Last year, the general conditions spoke for a rising gold price, but because there is often a gap between theory and practice, the precious metal price declined by about 5% instead of reaching higher prices. Most precious metal shares lost more. Experts nevertheless believe that gold has upside potential in 2022. With disruptions in the geopolitical situation or an economic slowdown, a sharp rise in inflation and negative real returns could quickly make precious metals en vogue again. With which stocks can investors position themselves successfully against this background?

time to read: 3 minutes | Author: Carsten Mainitz
ISIN: BARRICK GOLD CORP. | CA0679011084 , BARSELE MINERALS | CA0688921083 , YAMANA GOLD INC. | CA98462Y1007

Table of contents:


    Barrick Gold - Operationally top, yet the share is not running

    Last year, the shares of the world's second-largest gold producer lost around 20%, while the precious metal price fell by only 5%. The Canadians own shares in 14 gold mines, including six tier-one gold assets, i.e. mines that produce at least 500,000 ounces of gold p.a. over a period of ten years or more. Geographically, the most important location is the USA. Overall, the assets are of high quality and have a long operating life. Barrick also earns about 10% from the production of the industrial metal copper.

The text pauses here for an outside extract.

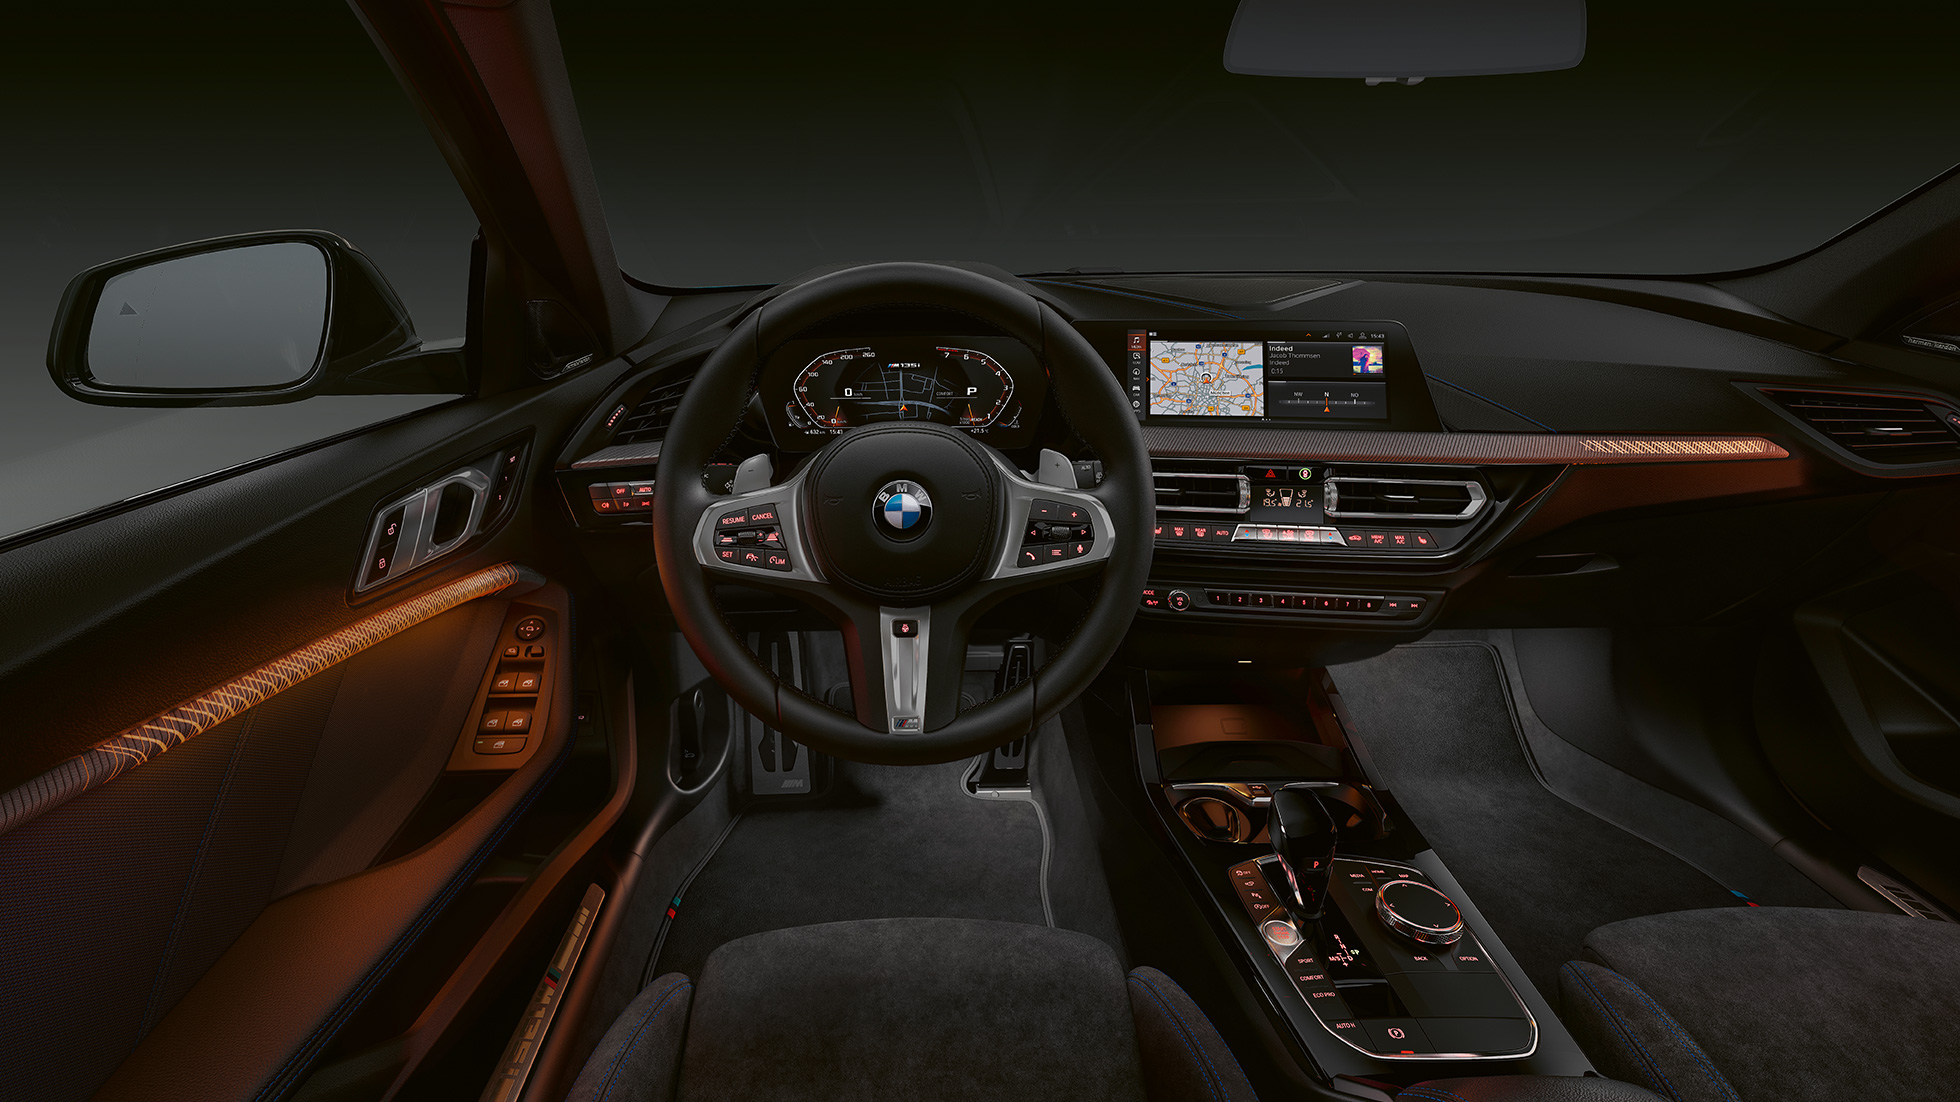 2018 - [BMW] Série 1 III [F40-F41] - Page 19 Bmw-1-series-m135i-inspire-mg-exterior-interior-desktop-04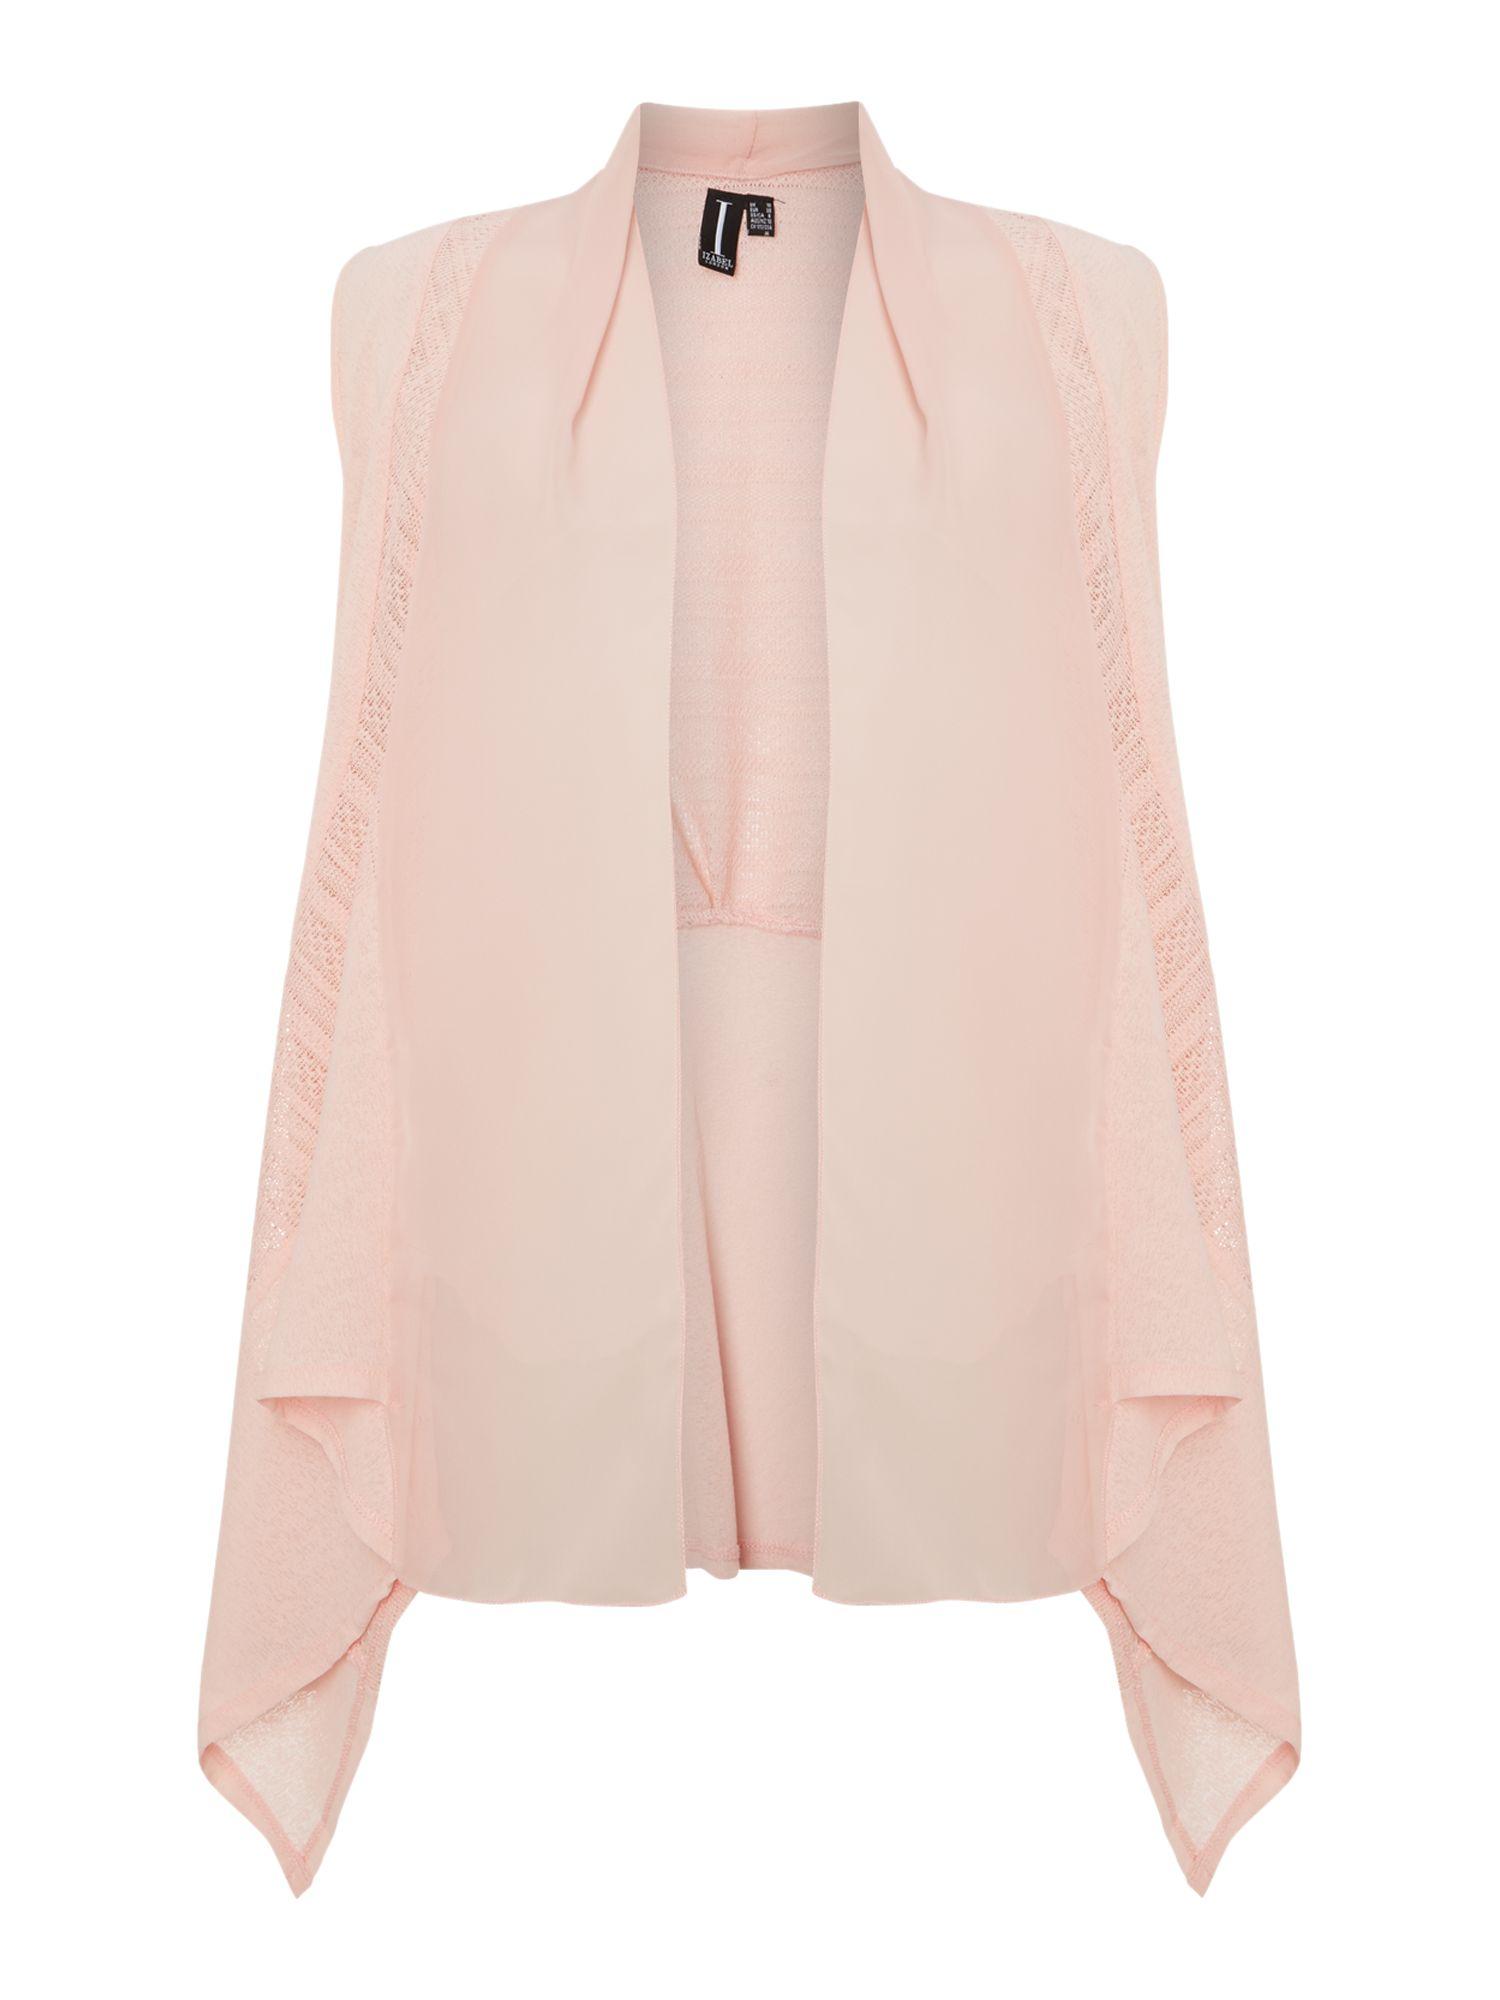 Izabel london Chiffon Style Waterfall Cardigan in Pink | Lyst

    The industry has been characterized by several key trends for many years. Globally, project gold grades are declining. There is a shortage of high-quality development projects, and, in general, reserves, i.e. gold deposits that have not yet been mined, are declining. That has also been reflected at Barrick; production was much higher 5 or 10 years ago. Nevertheless, the high gold and copper prices in the last two years led to a significant increase in profits, high dividend payouts, good free cash flow generation and massive debt reduction.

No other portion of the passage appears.